Greenland Crisis and Global Disorder

Pushkin. Donald Trump sounds increasingly serious about taking over the island of Greenland. Using economic coercion or even military force. Markets don't know how to respond. Neither do the rest of us. Today on the show. A Greenland Trade War. Or perhaps worse. This is Unhedged, the Markets and Finance podcast from the Financial Times and Pushkin. I am Rob Armstrong, coming to you from Unhedged World Headquarters in a freezing cold New York. I am joined down the line through

Through the miracles of technology by FT Alphaville's Toby Nangle. Hi, Toby. Hey Rob, how are you doing? I'm a little frazzled this morning, if I can be perfectly honest. I don't know what to make of this story, and we have our work cut out for us trying to make some sense of this. Absolutely. Let's just make sure our listeners are up to date.

on the events of the last couple of days. Late last week, Donald Trump threatened retaliatory tariffs against eight European countries that have sent military support to Greenland. And since then he's made increasingly belligerent comments saying that there is no turning back from the US's pursuit of the Arctic Islands. Meanwhile, markets are freaking out. The dollar has fallen significantly since Friday. European stocks have been down now for two days.

with the biggest European firms falling the most, those big companies like ASML and L VMH and SAP that have big global operations. those stocks are down sort of four to six percent. Gold is up. Treasury yields after the market opened this morning are rising significantly. Toby, what is the world responding to here? And in particular, what is Europe seeing that has

their markets in something of what looks like an uproar from where I'm sitting. Yeah. Well I mean if you have a NATO ally essentially threatening to annex The territory of a friendly nation. That's that that does spell a meaningful step back in globalisation for one, and any company that is sort to benefit and and uh make profits out of globalization, they're gonna be in for a tough time, right? Aaron Powell I mean I g I guess that's the picture here is that actually it's not about Greenland.

It's about a system that Trump and the Trump administration have always been hostile to, but until this moment, they've done nothing overtly that would break it up wholesale. Right.

there is an attack on a economic slash financial system here, not just a land grab. Well, I mean I I think that there's is an attack on as a much larger and more blatant visible attack on a rules based order than we've seen before, although it's pretty consistent with persistent attacks on the rule based order from the Trump camp.

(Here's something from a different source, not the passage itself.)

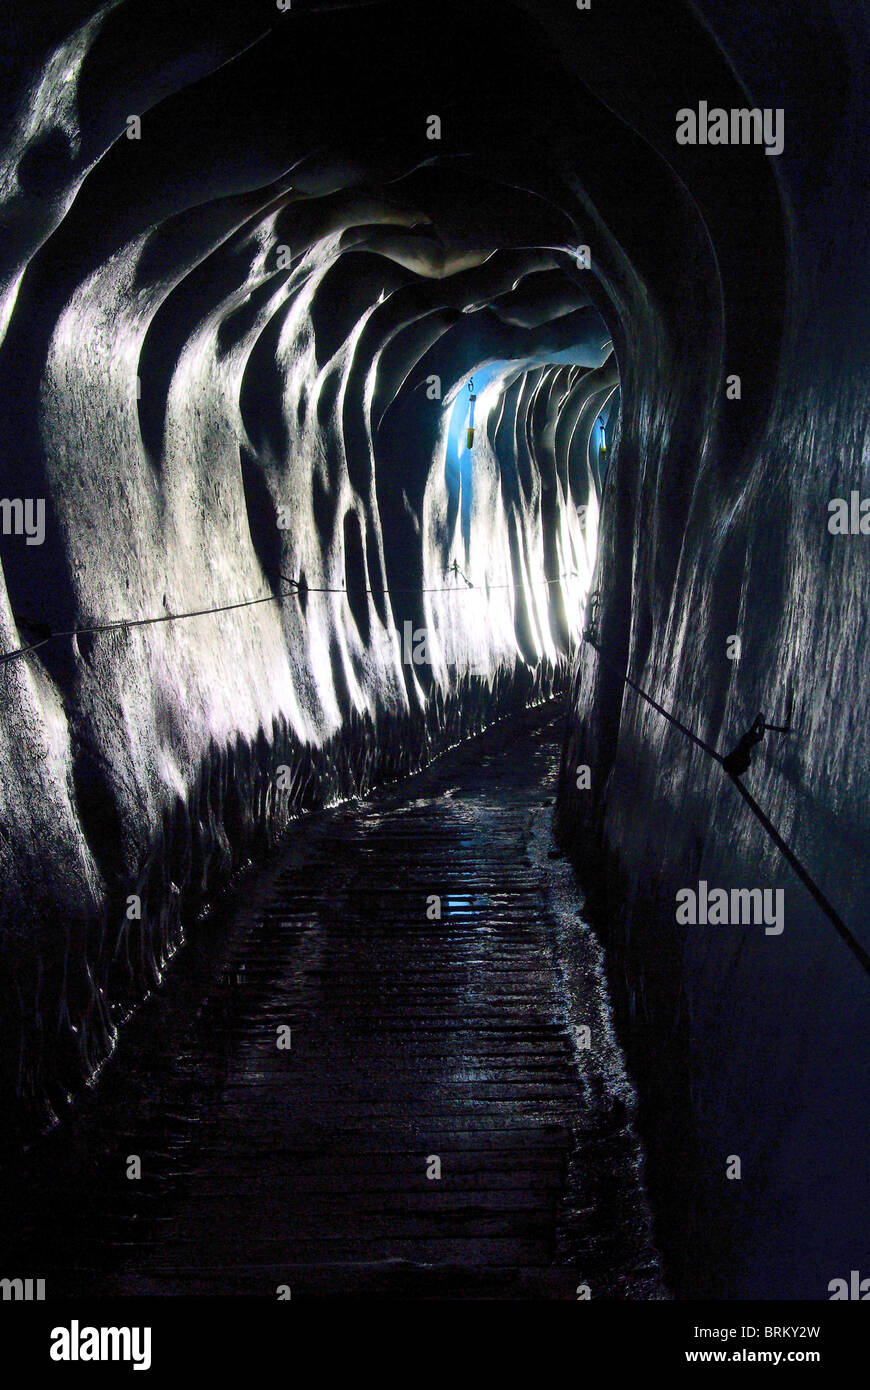 Gletschertunnel - tunnel dans le glacier 01 Banque D'Images

But this this basically says, Okay, right, you know, we're not gonna we're not gonna draw a line now which might prevent us marching soldiers into a friendly territory uh friendly nation's territory and calling it our own. That's quite a big step up. I mean it's something that European leaders will absolutely uh you know, go to the wire on. It's something that has united all the opposition parties, all those Trump friendly alt right parties across Europe.

they're suddenly found themselves backed in the corner and they're having to to denounce Trump because you know you can't just say, Okay, oh yeah, sure, it's fine to go and invade a country. That's just that's just not okay. One thing that's been really interesting to me is how market observers looking at these moves in gold, the dollar, European stocks, US stocks. They look at this and some of them say the market is overreacting.

There's gonna be a a taco trade here, while others are saying the market is underreacting. The world order is changing here, and this is not the market falling. This is the market sort of frozen in the headlight. not seeing what a serious situation we're in. I I'm I I'll tell you I'm not quite sure which side

U I'm uncharacteristically frozen in the headlights myself. I'm not sure which side of that I come down on. I think that's a great characterization because you know, as as uh as as a great man once said, you know, Trump always chickens out.

And if that's the case, then you buy and you dip because it always comes good, right? If the guy does chicken out, then people who are selling, you know, Microsoft five percent down or or or treasury yields, you know, ditching those when they're at they're at ten basis points higher than they would otherwise be, they're gonna feel pretty stupid. But, um...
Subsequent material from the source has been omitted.